Деду — рыбаку

Сенька радовался весеннему теплому солнцу. Радовалась и его семья. Сеньке — сорок пятый год, но уменьшительными именами зовут русские остяков.

От солнца днем рыхлеют снега и оседают, а ночью покрываются серебристой корочкой наста.

Семейство Сеньки оставило тайгу и вышло на берег Енисея.

Зимой — охота, летом — рыбная ловля, — так проходит Сенькина жизнь.

В первый же день прихода на реку Сенька выдолбил прорубь.

Дрожа от удовольствия всем телом, съел первых трепещущих рыбок. В этот день все были сыты. Сон сытых приятен и сладок.

Разъело солнце на взбухшем синем Енисее черные жилы ручьев.

Сенька, как и все рыбаки, не спал в эти тревожные ночи, у зажженного костра, с трубкой, караулил Енисей. Только те люди рыбацкого племени знают эту тревогу, кто через лед чует рыбные запахи.

В реве, грохоте, крутя ледяные столбы, тронулся Енисей.

Семья Сеньки с имуществом погрузилась в летний свой дом — лодку.

За последними льдинами плыл остяцкий дом.

Испенился лед, ветры угнали пену в океан, а Сенька остался рыбачить на песках.

Низовья Енисея — рыбные места.

Ладно рыбачил Сенька: шла рыба в пущальни[7], попадала на самоловы.

Первым из океана плывет осетр, потом чир, моксун, густо прет селедка, последним заходит жирный омуль.

В Енисейскую губу за рыбой идет прожорливая белуха.

Богатый улов серебрится в сетях. За полярным кругом летом ночи светлы, как дни. В рыбный ход не спят рыбаки, днем и ночью рыбацкие лодки качаются на енисейской зыби. Из глубоких низовьев идет рыба вверх, на мели, в бесчисленные протоки, озера, водяные болота, метать икру.
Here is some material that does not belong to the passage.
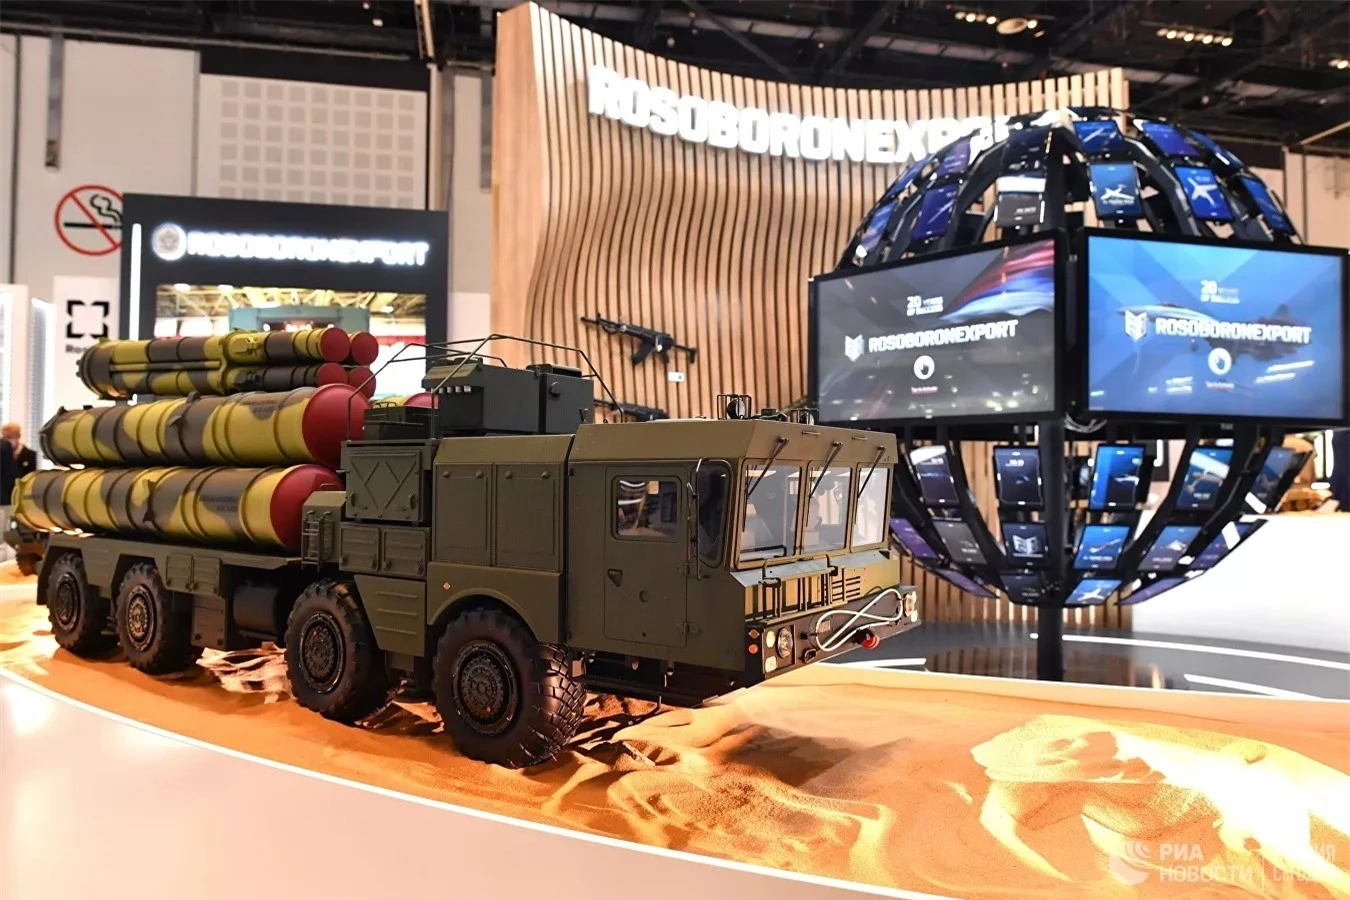 Nga 'khoe' vũ khí gì mới tại triển lãm IDEX-2021 ở UAE?

Сороки, язи и ельцы, попавшиеся в лесных озерах, пробираются на зимние стоянки, плескаясь на боку. Их караулят вороны, чайки, орлы, а иногда хищные звери: выдры, норки, и не брезгует рыбой хозяин тайги — медведь.

Каждый день Сенькина семья ела рыбу, аппетитно слизывая холодную рыбью кровь. Все начали добреть и полнеть.

Сенькина „ветка“ — легкая лодка, сделанная из береста, — быстро скользила каждый день по Енисею. Но с океана часто идут ветровые штормы.

Сегодня запоздавшего Сеньку захватил ветер на середине реки. Ветка, зарываясь в волновые гребни, пляшет и становится то на нос, то на корму. Скалятся гребни волн, хотят проглотить Сеньку в лодке.

Но крепки швы у ветки, затянутые оленьими жилами, залитые серой, и Сенька на волнах так же смело скользит, как на лыжах с горы.

Платок, которым завязаны волосы, сбился за шею; закатанные в черный войлок волосы влажны и дымятся паром; капли пота, размазывая грязь, стекают по лицу. Сердитые зеленые брызги освежают лицо.

У Сеньки проносится мысль о водяном боге.

Много небес, где живут боги. На первом небе — озера, на втором — лайды (равнины), третье небо состоит из небольших, но сплошных сопок; на них висят, подобно мху, небольшие ледяные сосульки; на четвертом есть большое озеро, из которого вытекает река Енисей.

От брызг накапливается в лодке вода.

Сенька, приподнимаясь, смотрит вдаль. Широк Енисей в низовьях, на десятки километров идут штормовые волны.

Вдали у островов острый Сенькин глаз заметил дым, много дыма, целое облако летит в левый берег тундры.

Бывают в низовьях один-два парохода в лето: первый весной привозит рыбаков, а второй осенью забирает рыбу и рыбаков.

Тревожит дым Сенькино сердце: „Видно, водяной бог зажег Енисей“…

Показались пароходные трубы.

Не видал Сенька таких черных, больших, высоких пароходов.

Гудки густые, хриплые, — эхо далеко несется в тайгу.

Не знал Сенька, что через океанские штормы, карские воды, полярные ветры из Лондона, Гамбурга, Ливерпуля пришли на большую реку морские пароходы за лесными богатствами.

Близко пароходы, скоро поравняются с Сенькиной скорлупкой. От пароходов идет вал. Ветка, как маленькая щепочка, треплется в круговых волнах.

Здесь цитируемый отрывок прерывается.